DATA:
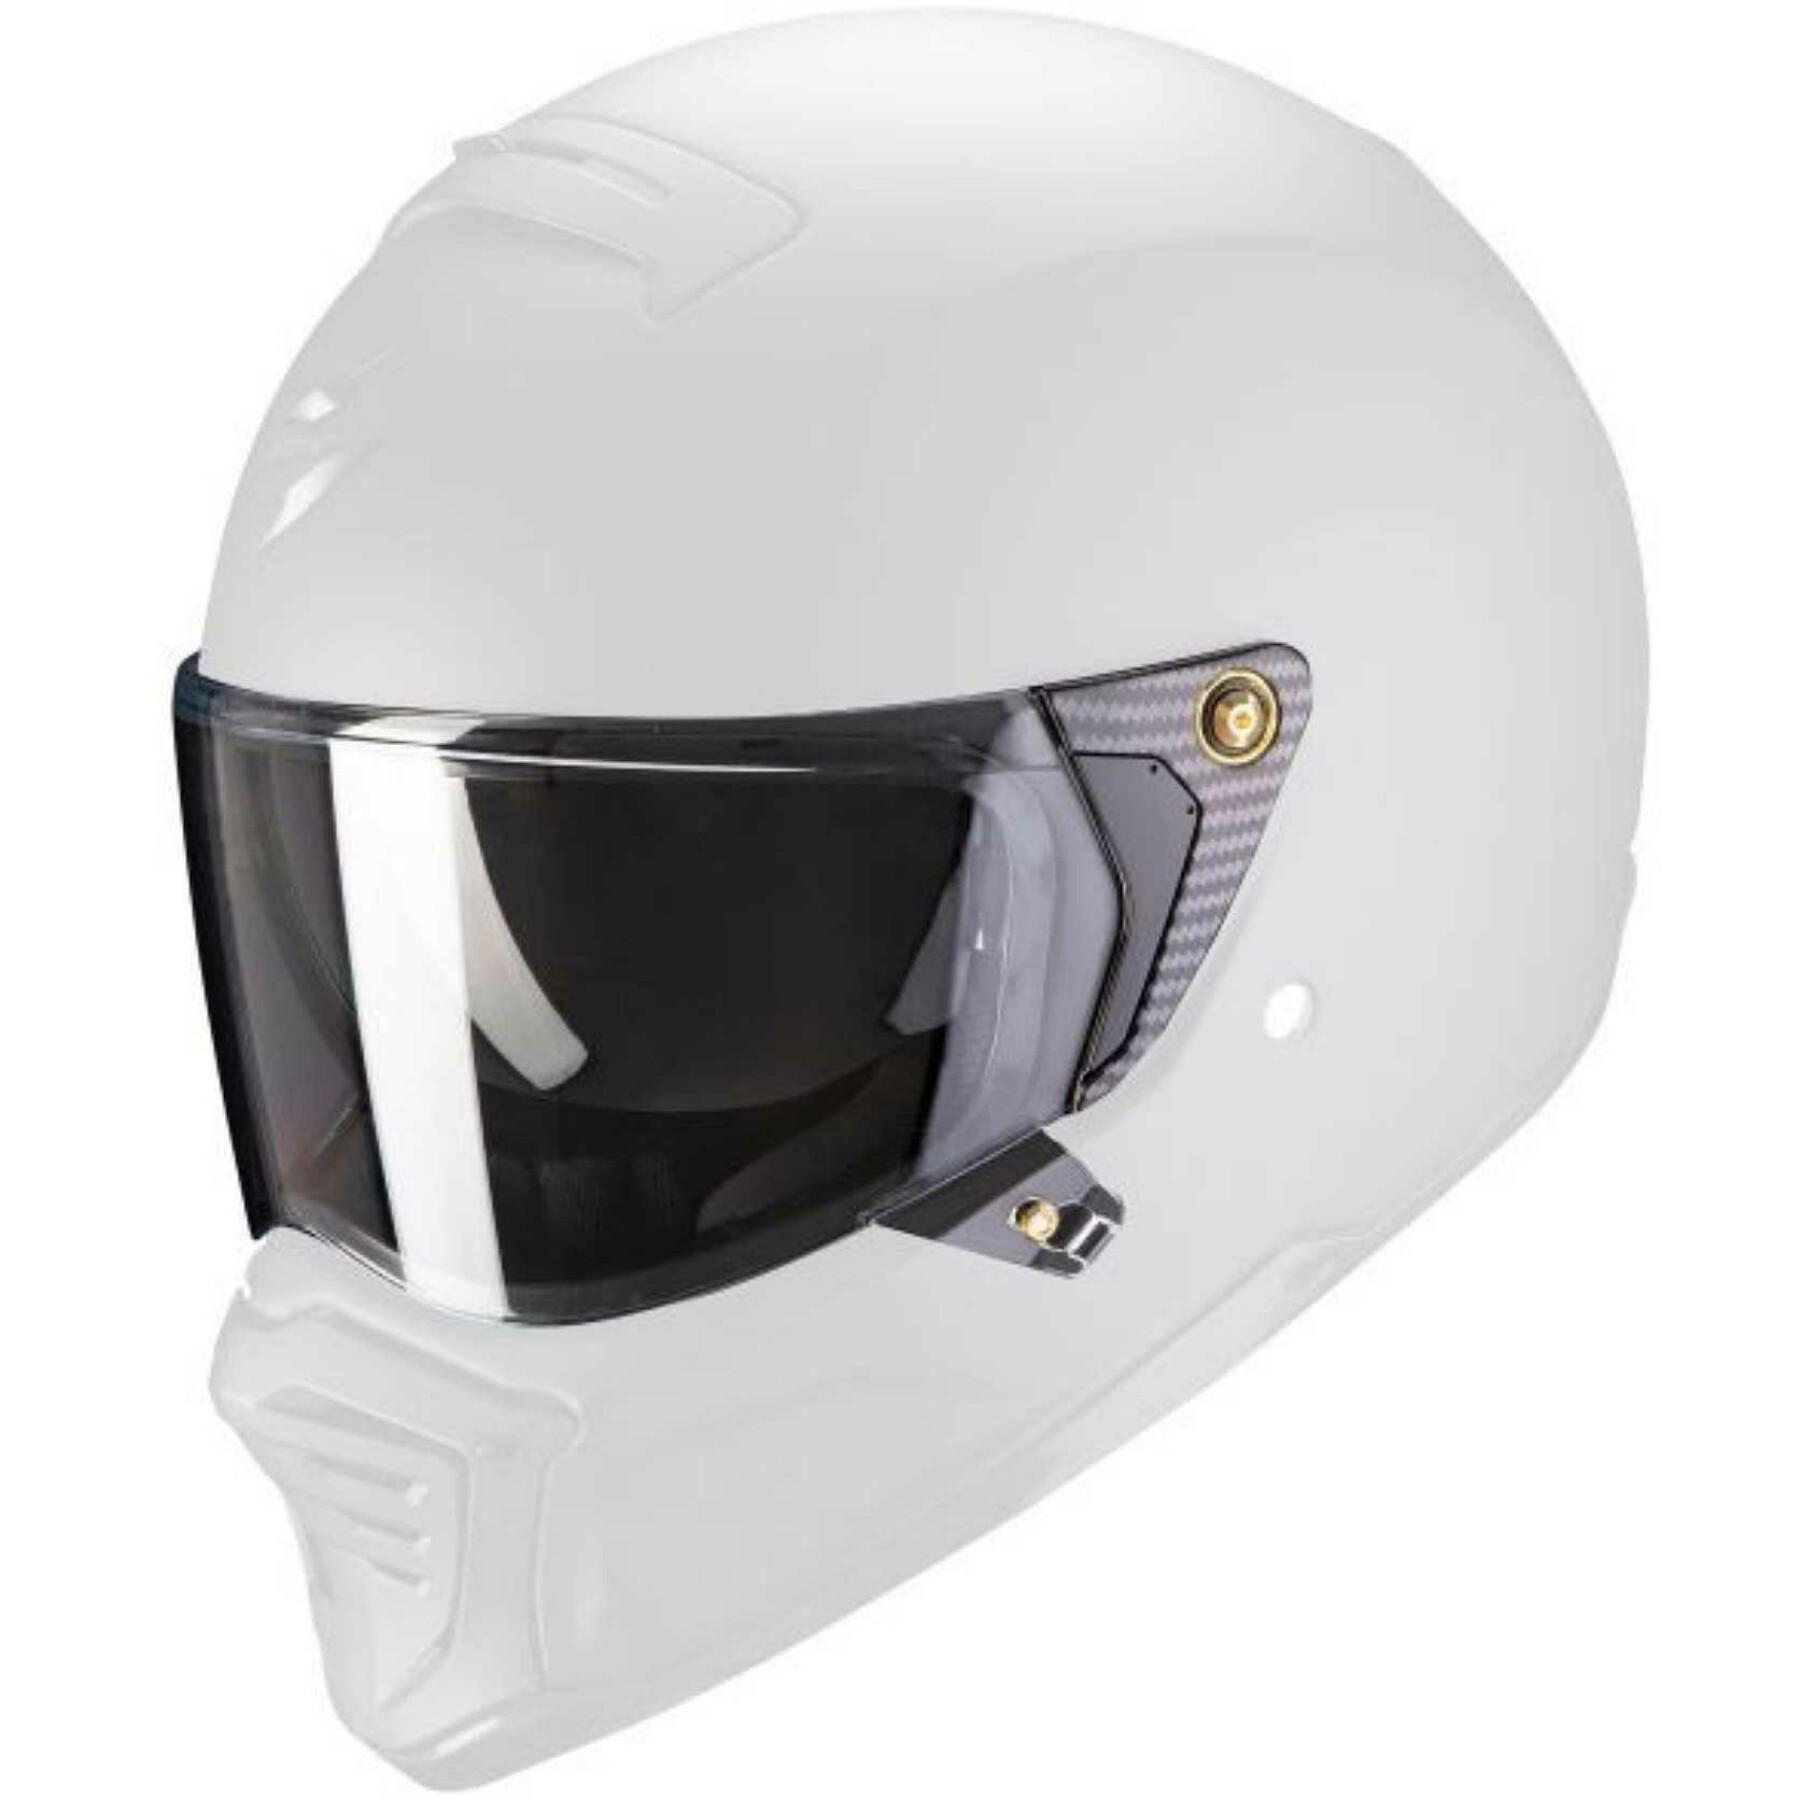 Motorcycle helmet visor Scorpion kdf-19 Exo-hx1 SHIELD maxvision ready
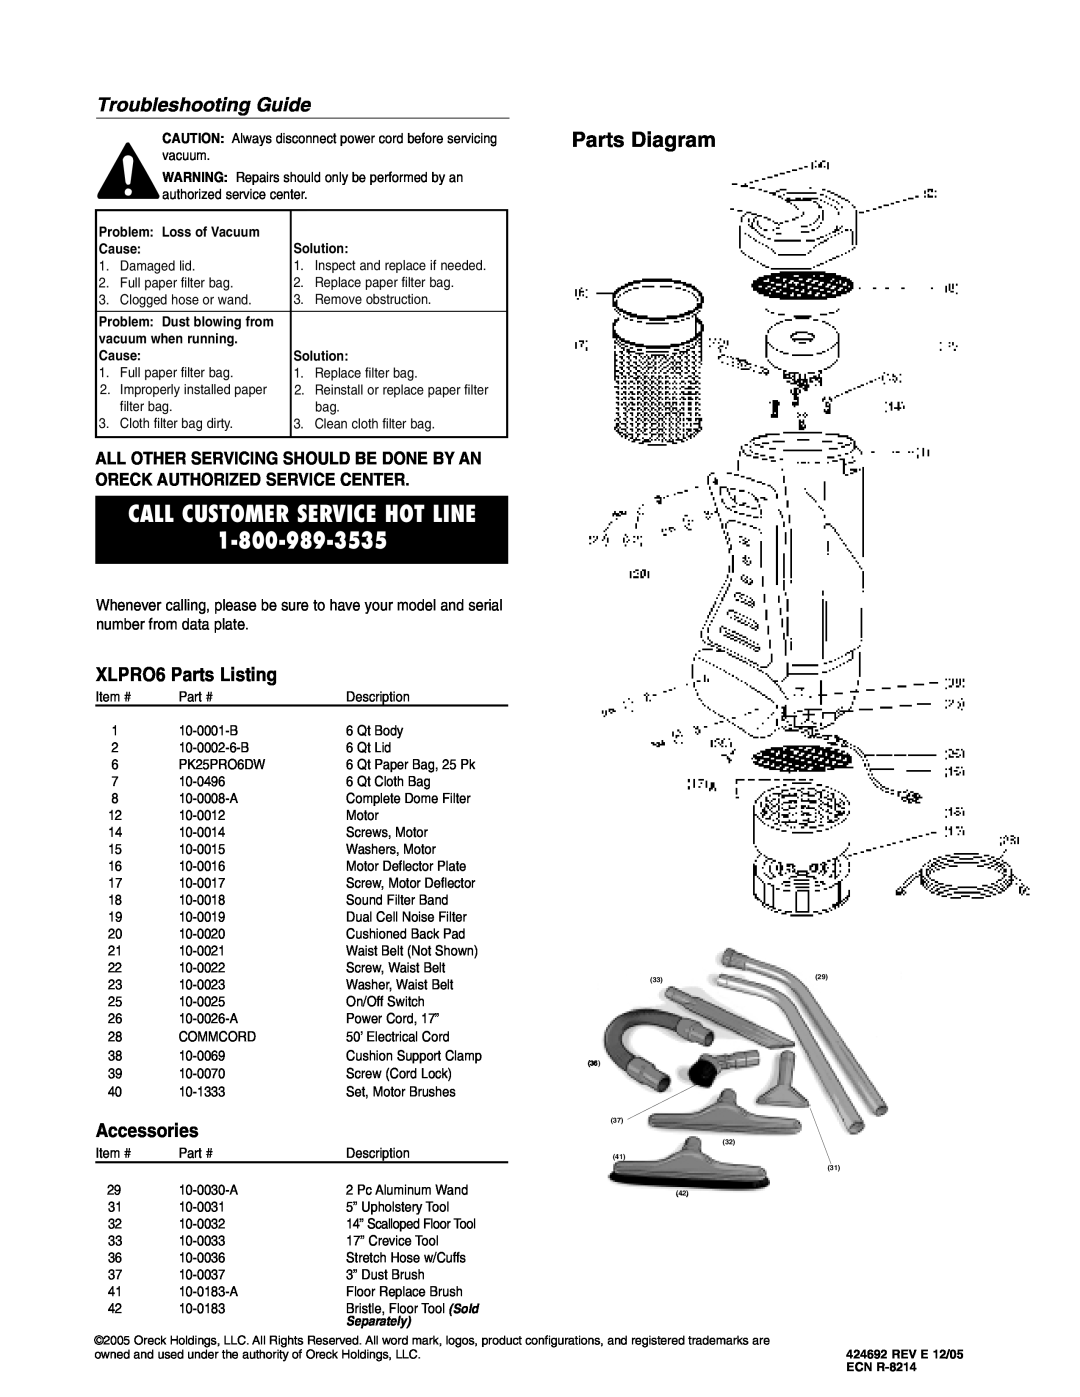 Oreck Parts Diagram, Troubleshooting Guide, XLPRO6 Parts Listing, Accessories, Problem Loss of Vacuum, Solution, Cause 
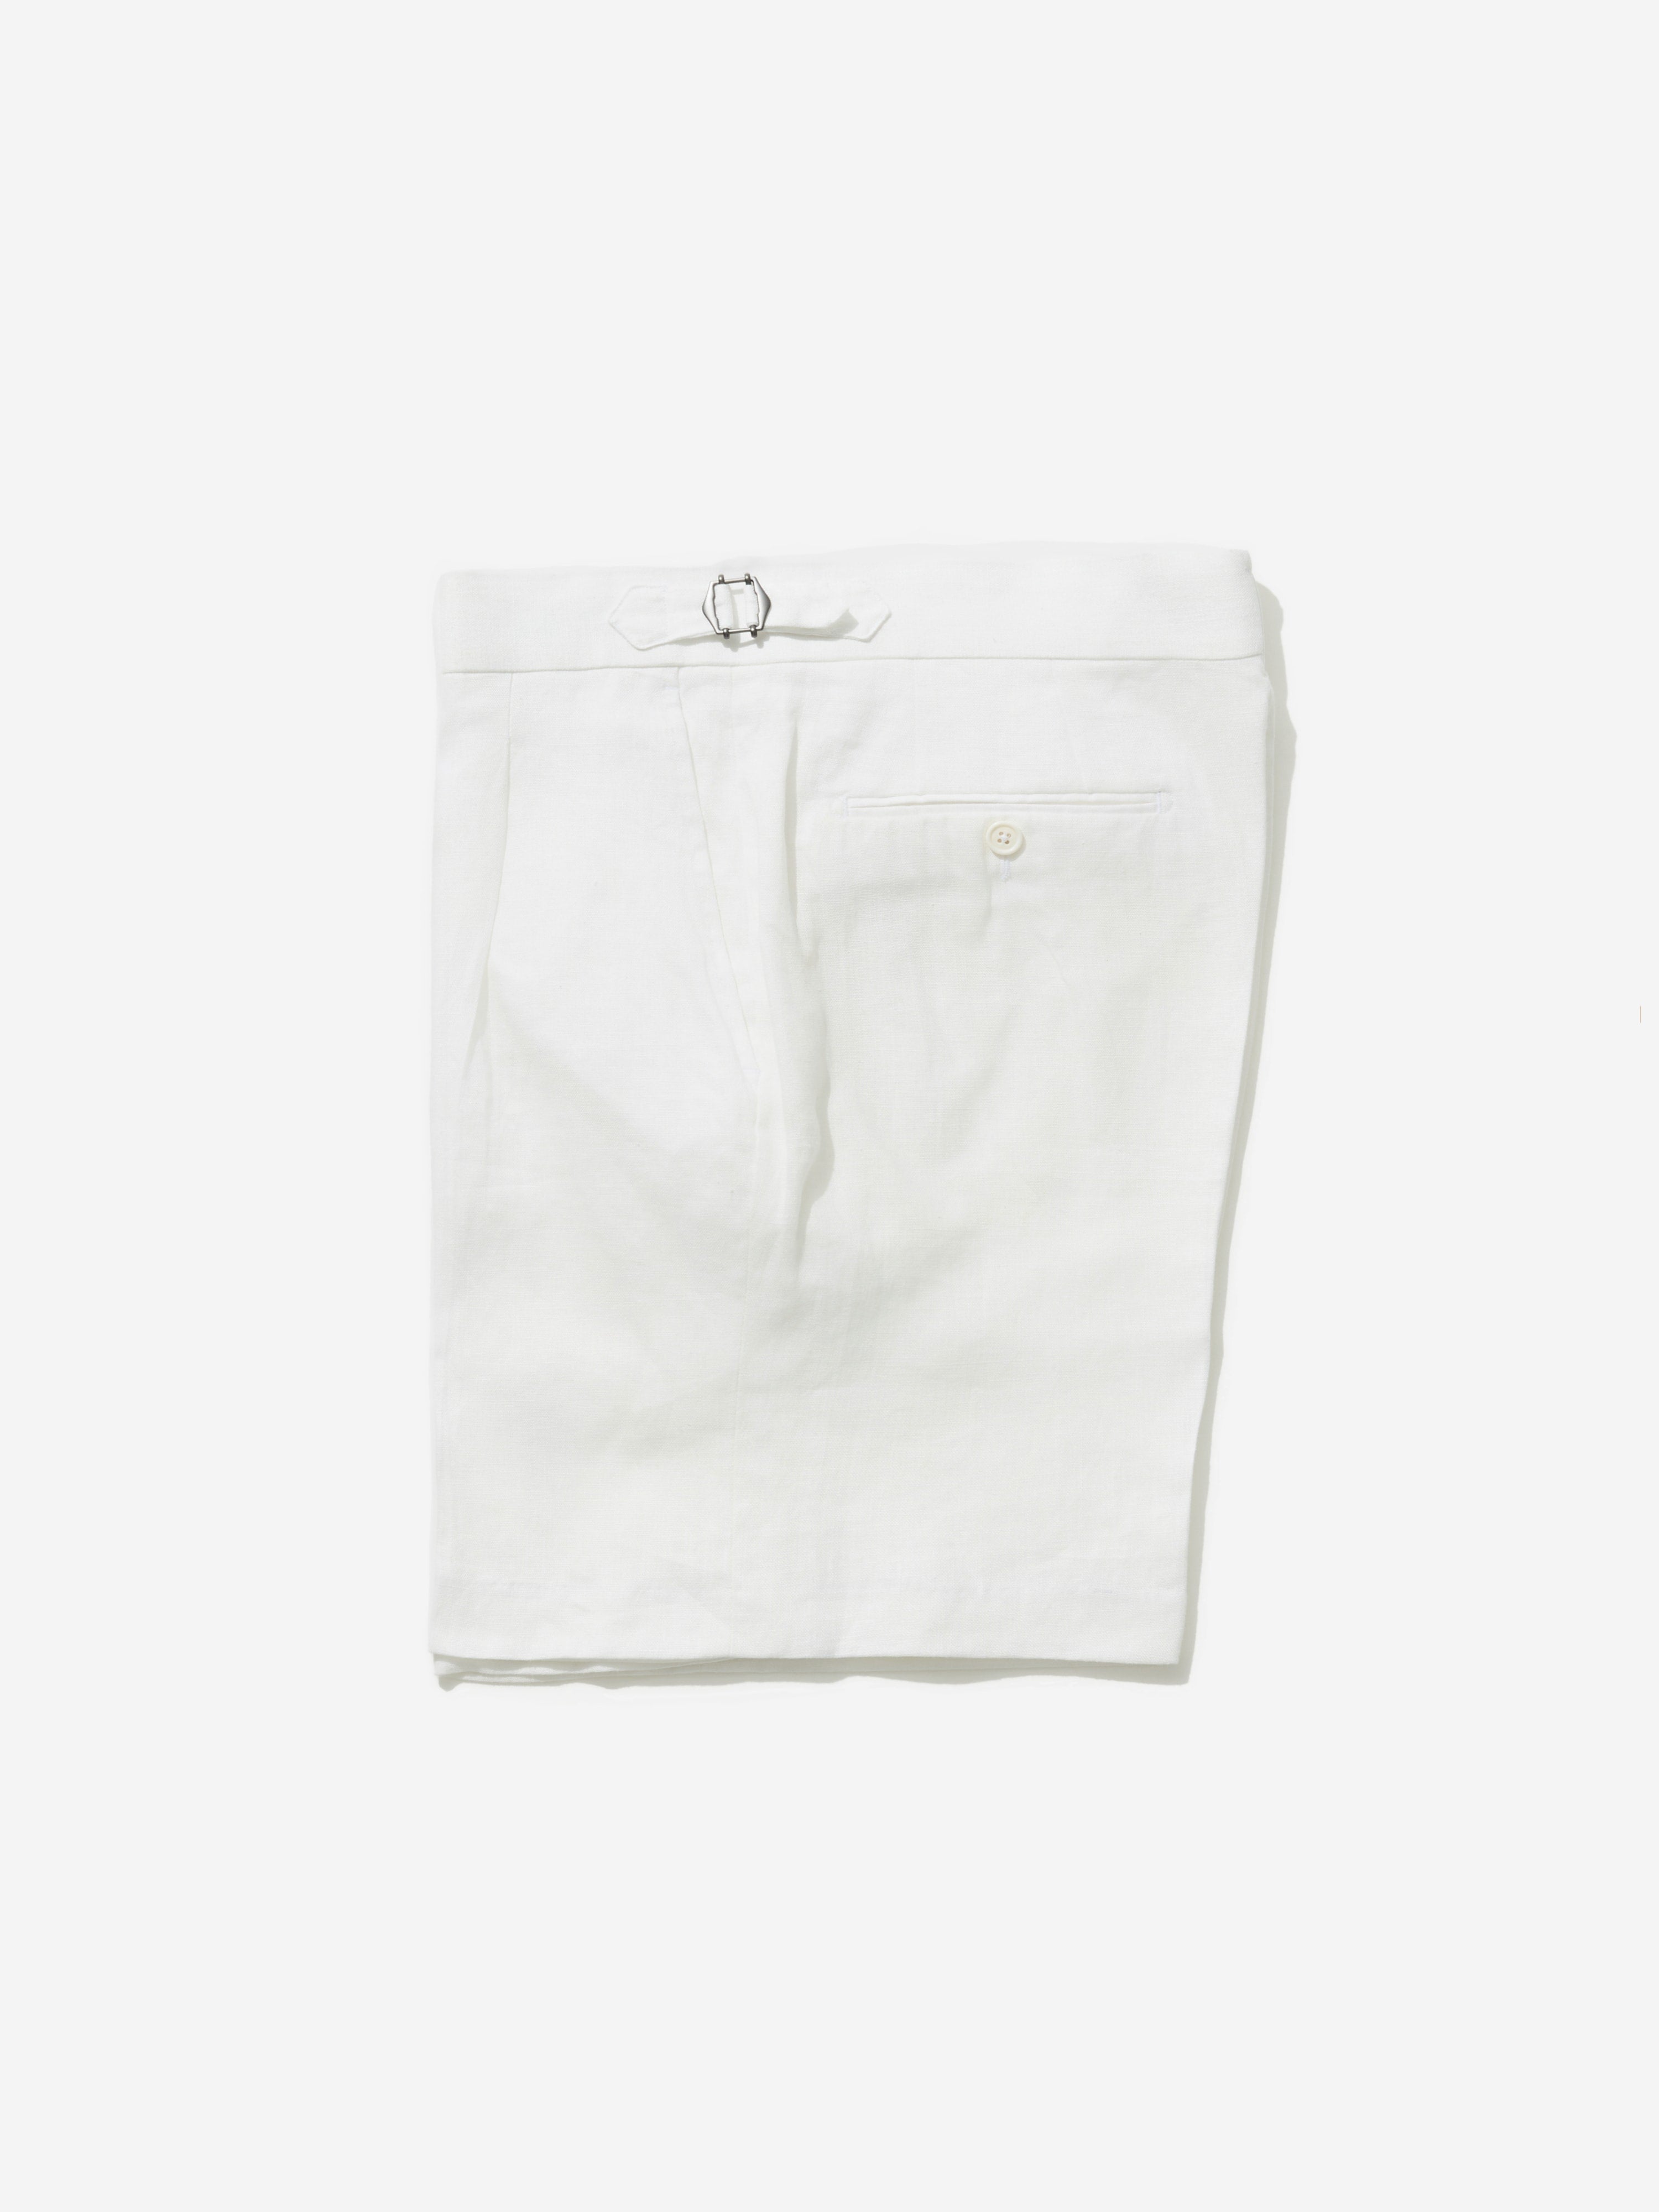 White Linen Oscar Shorts (Wide Fit) - Grand Le Mar

EXERCISE DIRECTIONS: Please output the lines from the line that holds "Oreck Parts Diagram, Troubleshooting" through the final line of the material above, both included. Each line must match exactly, and pictures must be excluded.

ANSWER BELOW:
 Oreck Parts Diagram, Troubleshooting Guide, XLPRO6 Parts Listing, Accessories, Problem Loss of Vacuum, Solution, Cause 
 White Linen Oscar Shorts (Wide Fit) - Grand Le Mar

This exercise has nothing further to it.